Task objective:
Find the string "asset" in the records. Copy every line it appears in.

Information provided:
-------

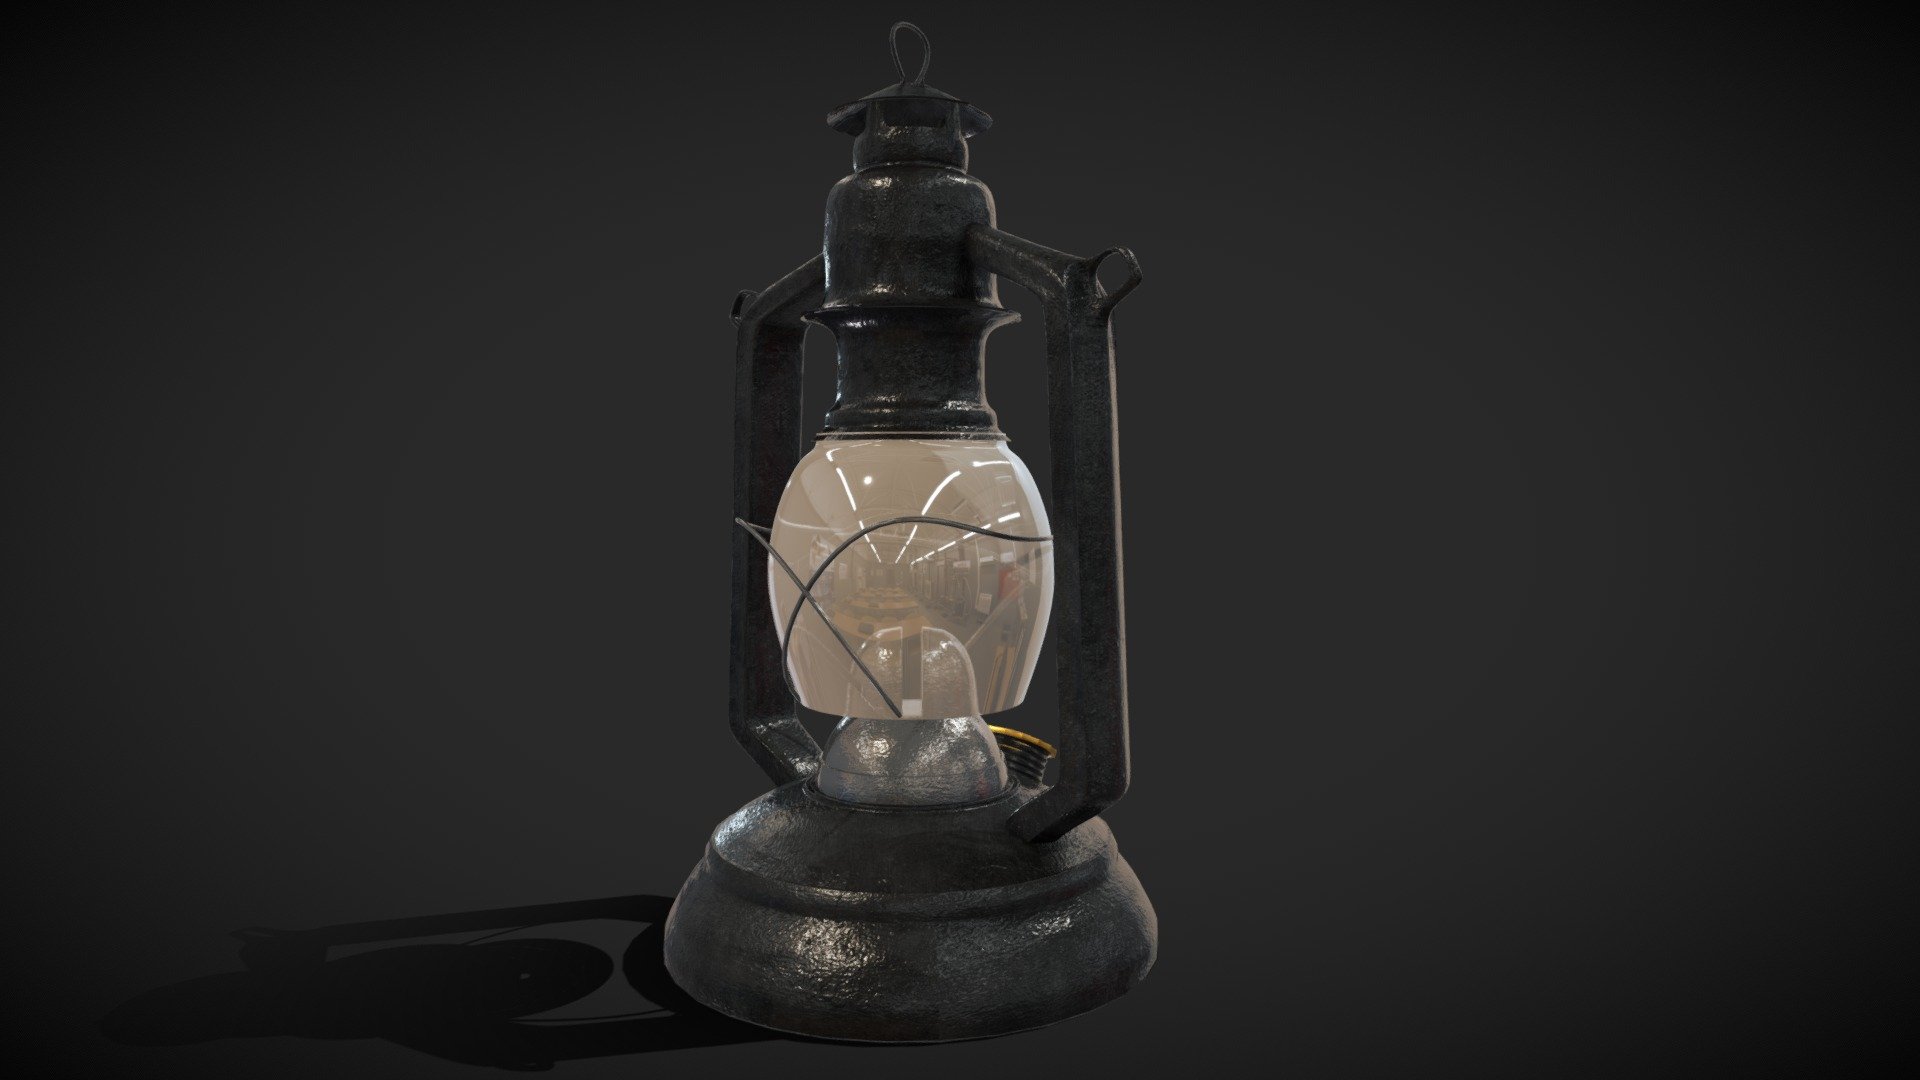 A game ready, low poly lantern
referenced from a lantern in the 1950s.
You may use this asset however you like in games or animations but do not sell it, even for free.

An asset I made for project BRINK - Lantern 1950s - 3D model by object (@titaniumammas69) 3d model
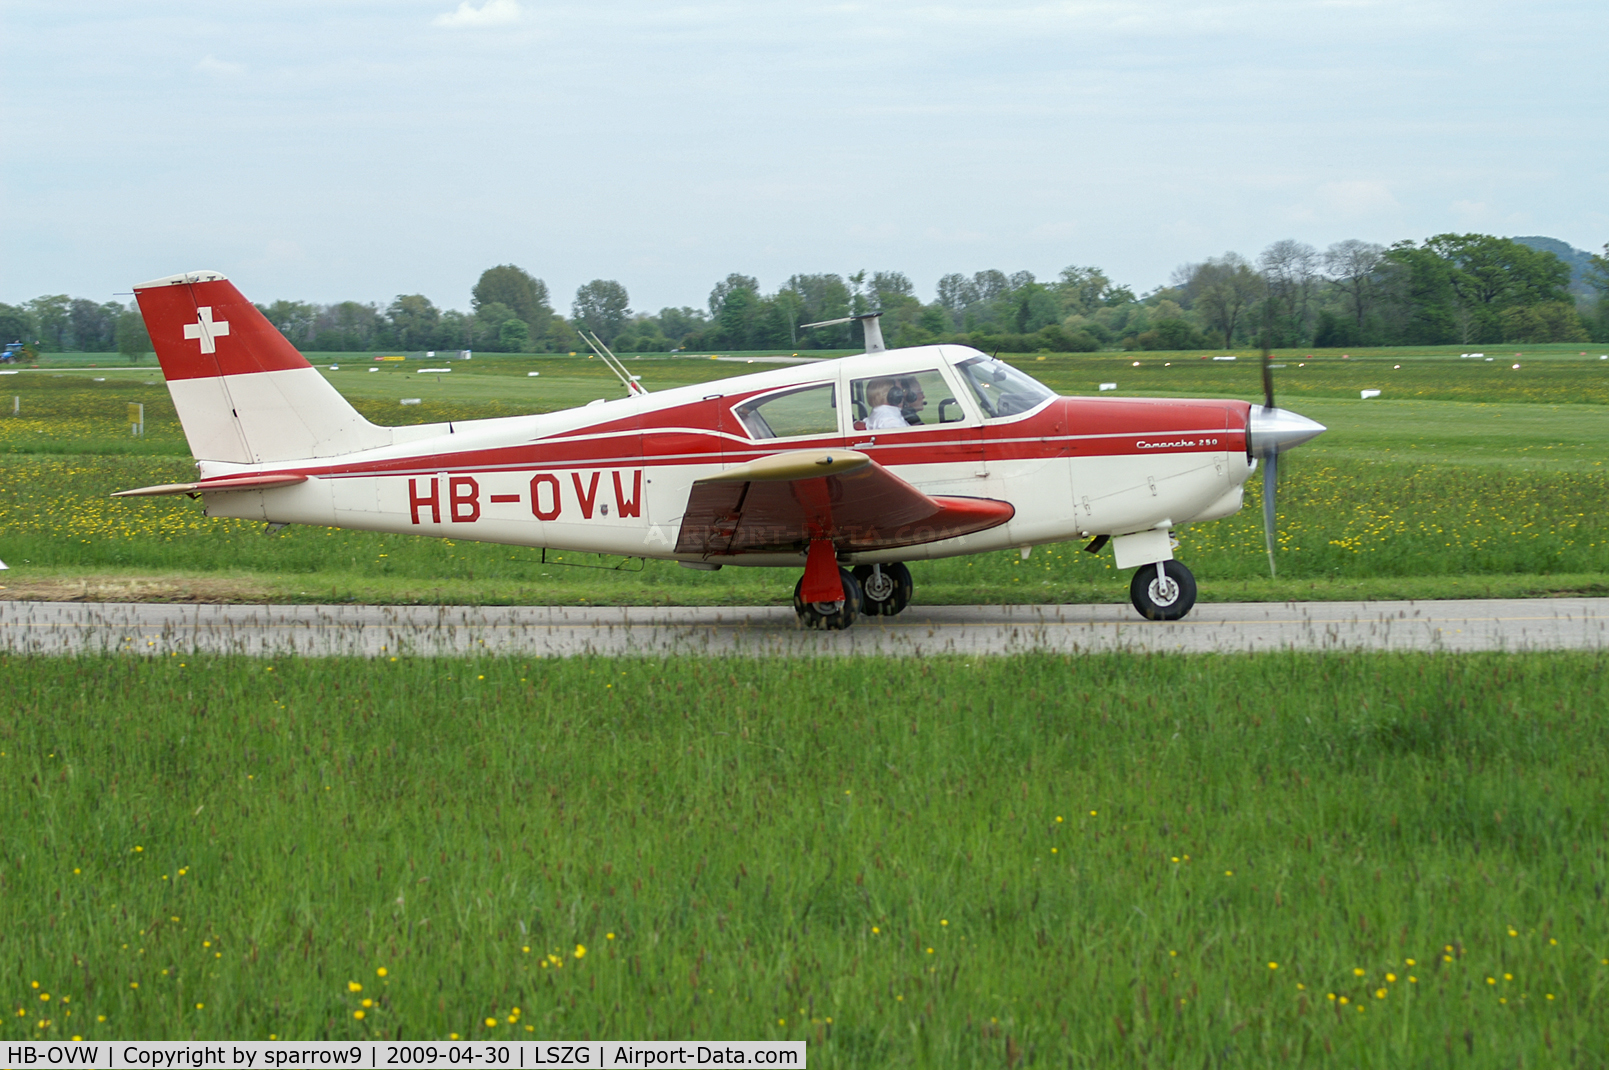 HB-OVW, 1963 Piper PA-24-250 Comanche Comanche C/N 24-3498, At Grenchen. HB-registered from 1963-09-02 until 2019-10-10.

-------

Solution to this task:
You may use this asset however you like in games or animations but do not sell it, even for free.
An asset I made for project BRINK - Lantern 1950s - 3D model by object (@titaniumammas69) 3d model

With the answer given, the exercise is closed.